Hi Suzi, first author of the Science paper here! I just wanted to say thanks for this fantastic write-up of our work and really diving into some of the details of our training and evaluation set-up. I’m mostly in agreement with the concerns you’ve listed here, but I did want to add a few additional comments and provide some additional context for some of our choices to your readers:

- You mention a language acquisition device, or a universal grammar, as an example of the nature view. Since our work focuses mostly on the problem of lexical acquisition rather than grammar, there are other beliefs more in line with the nature view that are worth mentioning as well, such as knowing the set of visual referents that a concept could refer to at birth (e.g. an innate view of concepts), or having strong constraints about how to extend or generalize a word (e.g. based on its shape, or only considering whole objects instead of parts), or assuming that each word has a different meaning (the principle of contrast). We do not explicitly include any of these mechanisms into our model, its primary method of learning these mappings is purely by the co-occurrences between visual and linguistic information.

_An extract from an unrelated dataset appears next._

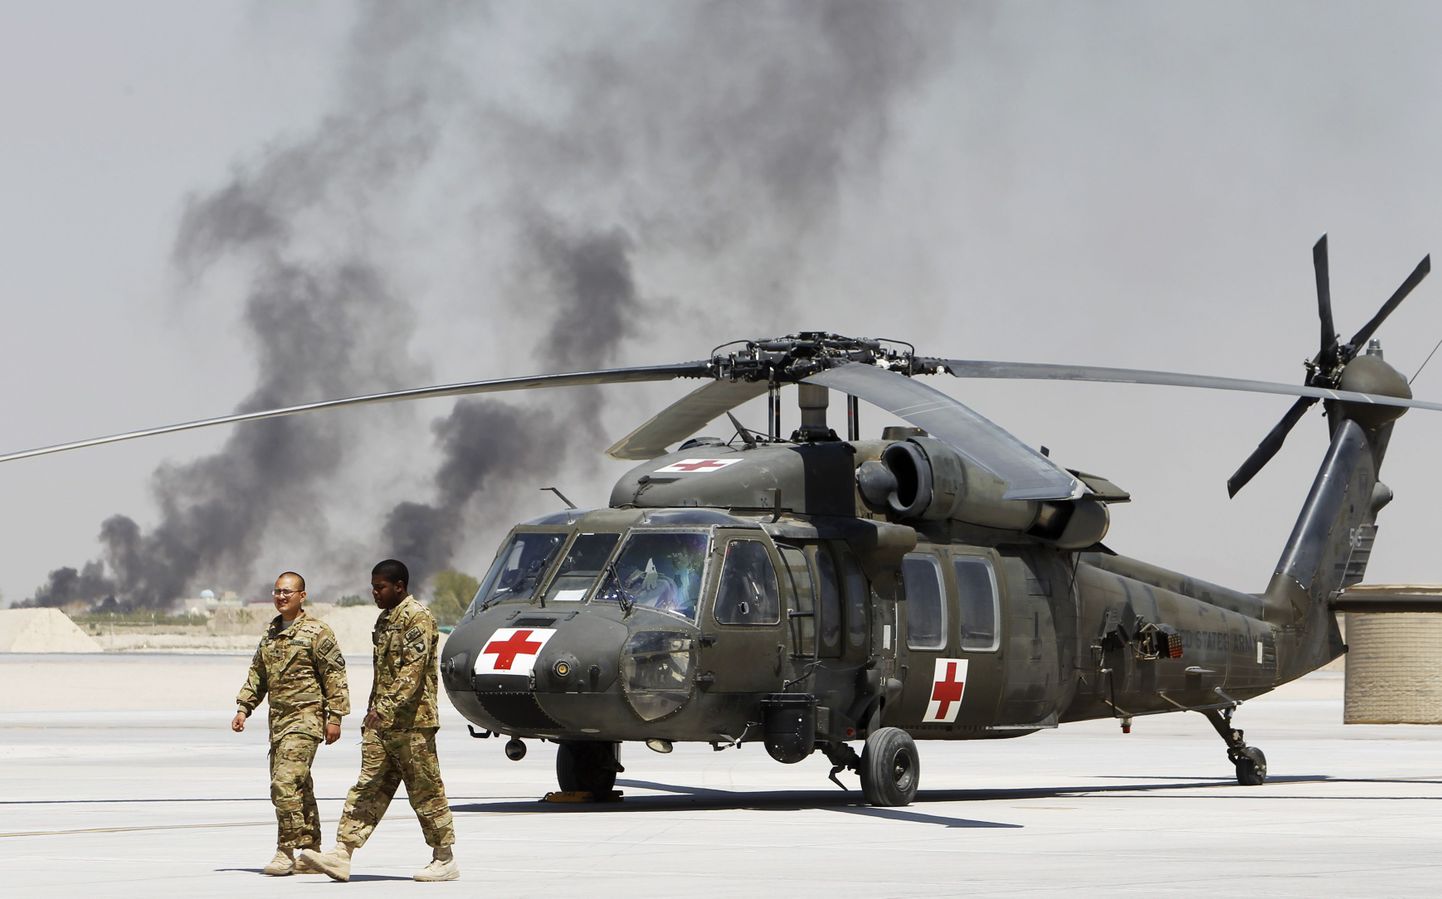 Вертолет медицинской службы в Афганистане. Иллюстративное фото

- Concern 1: I agree that we do remove some layers of complexity compared to the raw multi-sensory stream of what a baby receives, by only considering the paired moments between spoken utterances and visual input, as well as passing in the transcribed utterances, but I would argue that many of the other well-known models that purport to study cross-situational word learning make even more assumptions, such as removing the visual aspect of the problem entirely! See https://www.sciencedirect.com/science/article/pii/S0010028512000795?casa_token=UOzXoHdHMEMAAAAA:1jPkoacJooE6UIB7uDU_ah8GPBnCZYLbDqKMLHhA5p37gJ-ZQ-x2JVZAnZEThagP9Sj2UlU or https://journals.sagepub.com/doi/full/10.1111/j.1467-9280.2009.02335.x?casa_token=wT08hOSACawAAAAA%3APrxJEByZR7clWbKTHhZPXlu7aG-aBXl_4ZdraIOZ039pzYL8bGlE-Ss7Silk22-tLzalF4nUJGBN. Additionally, this kind of pre-processing is also common in multimodal machine learning. It is quite common to have some amount of pre-processed or annotated data to also feed into the model (see examples from the Ego4D challenge that also uses an egocentric video dataset: https://ego4d-data.org/docs/challenge/). Nevertheless, even with some of these pre-processing steps, our work still provides the largest and most representative subset of one child’s experience to date, and I think demonstrating that learning is possible from this is still a huge advance for the field.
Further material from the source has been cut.